Wir bitten um ein Interview, doch die Bundesbehörde lehnt ab, verweist uns an das Paul-Ehrlich-Institut. Hier werden bleibende Impfschäden registriert und bewertet.

In einer Stellungnahme räumt das Institut ein: In klinischen Studien seien unerwünschte Ereignisse aufgeführt. Diese könnten auch ein schweres Ausmaß annehmen.

Doch warum steht das so nicht in der Broschüre? Warum werden Nebenwirkungen verschwiegen?
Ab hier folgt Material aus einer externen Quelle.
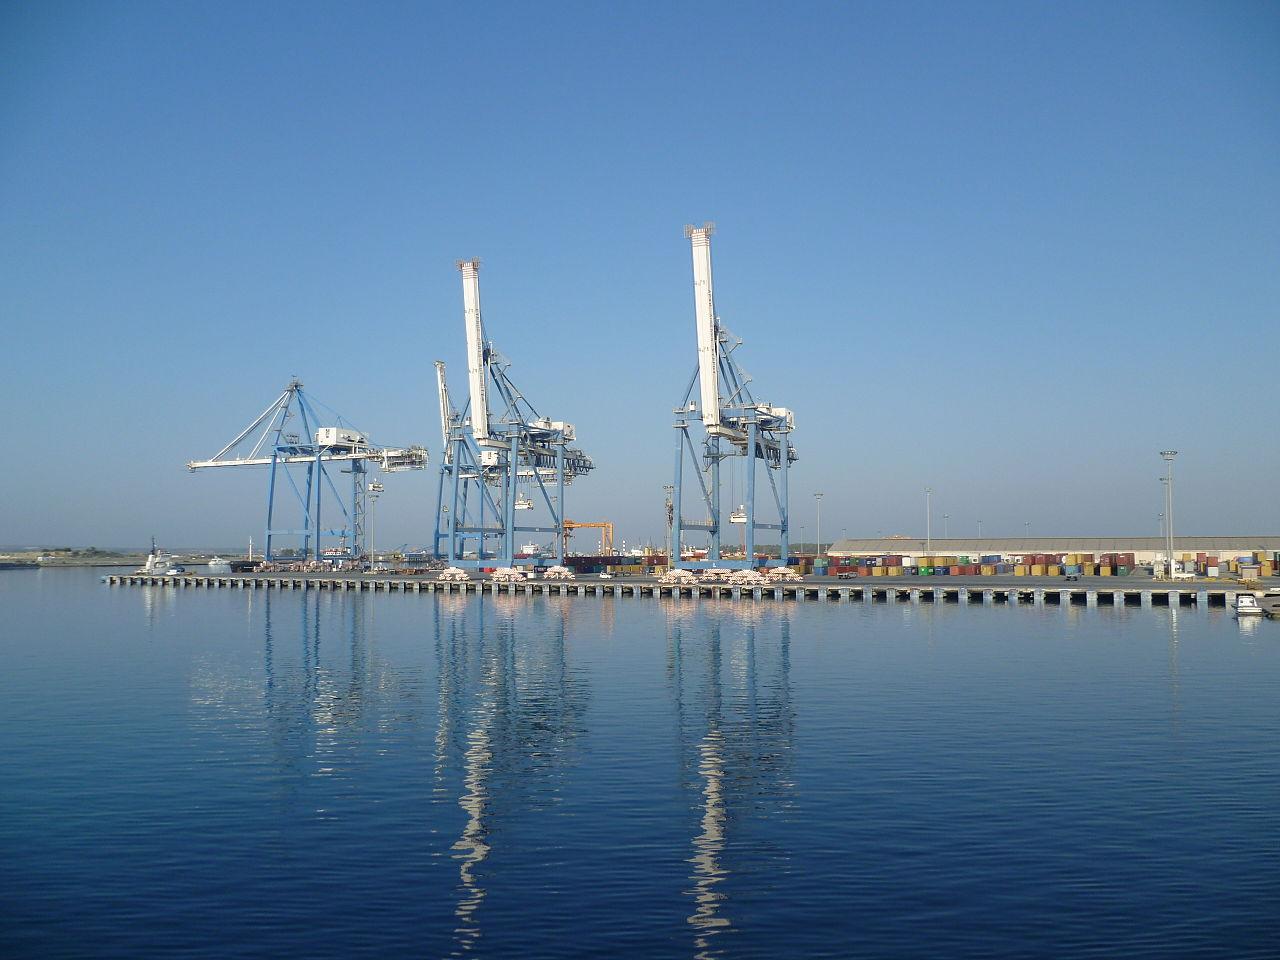 1280px-Cranes_Limassol_Harbour_20110703

Wir fragen Jörg Schaaber von Bukopharma, einer unabhängigen Organisation, die sich mit dem Einfluß der Pharmalobby beschäftigt. Für ihn gibt es zwei wichtige Gründe:

Jörg Schaaber

Jörg Schaaber

O-Ton, Jörg Schaaber, Bukopharma:

"Zum einen, dass man über Impfung lieber nichts Kritisches sagen kann, dass das ein Tabu ist. Der zweite Punkt in meinen Augen ist, es herrscht einfach in Europa und auch den USA eine sehr pharmafreundliche Stimmung und die Behörden stehen teilweise mit dem Rücken an der Wand. Und das hat natürlich auch mit der Politik zu tun."
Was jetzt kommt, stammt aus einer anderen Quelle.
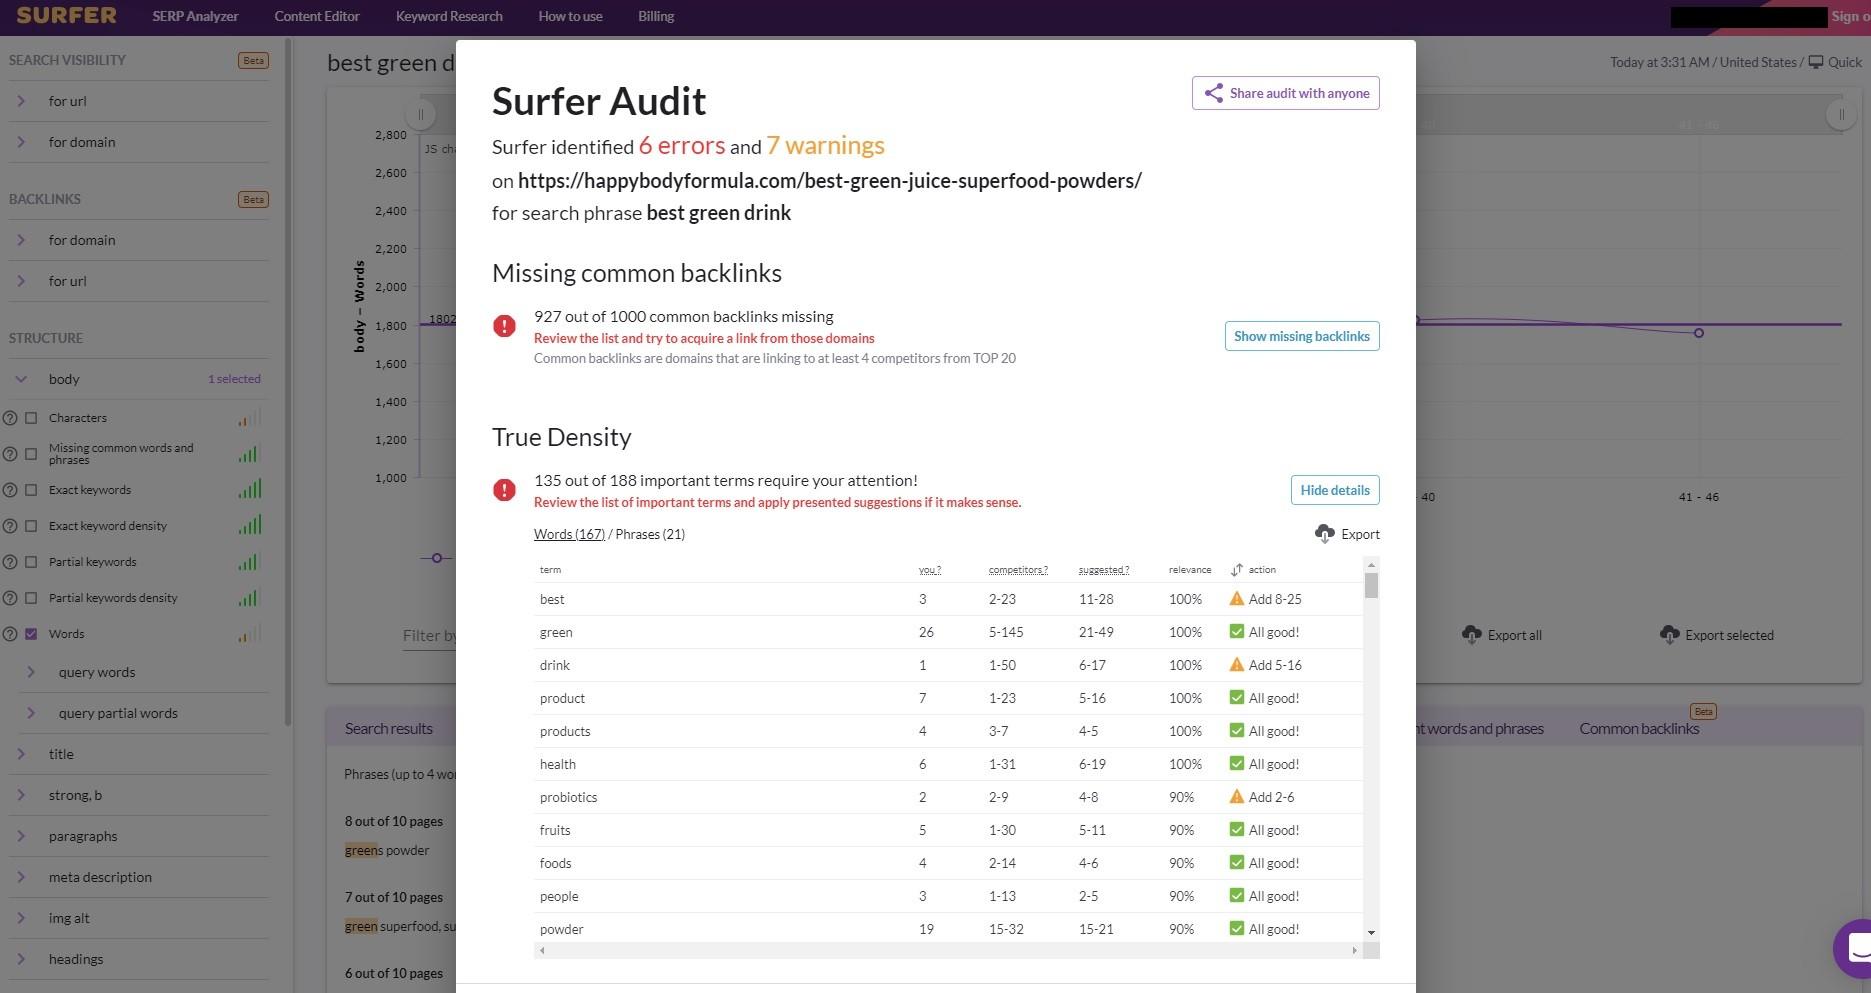 Surfer Audit

Auch der Mediziner Klaus Hartmann sieht die Politik in der Mitverantwortung. Er ist Gerichtsgutachter zu Impfschäden und hat zehn Jahre lang im Paul-Ehrlich-Institut gearbeitet.

Dr. Klaus Hartmann

Dr. Klaus Hartmann

O-Ton, Dr. Klaus Hartmann, Impfgutachter:

"Das ist so ein, so ein Schutz des Impfgedankens an sich. Das Gesundheitsministerium auch in Berlin ist der Meinung, je mehr geimpft wird, desto besser funktioniert unser Gesundheitssystem. Und so versucht man im Prinzip, dieses Nebenwirkungsproblem klein zu halten."

Mit diesen Vorwürfen konfrontieren wir das Gesundheitsministerium erst schriftlich, dann mündlich.

Auf telefonische Nachfrage erklärt der Sprecher: Die Patientensicherheit sei grundsätzlich wichtiger als der Impfgedanke. Zu der Broschüre bekommen wir keine Antwort.

Zurück zu Anna. Ihre Mutter wollte medizinische Hilfe und Rat vom Paul-Ehrlich-Institut. Doch dort heißt es pauschal: Rein statistisch könne es keinen Zusammenhang zwischen der Impfung und Annas Symptomen geben.

O-Ton, Annas Mutter:

"Als würde ich mir das alles ausdenken. Das ist, als würde es keine Nebenwirkungen geben in Deutschland."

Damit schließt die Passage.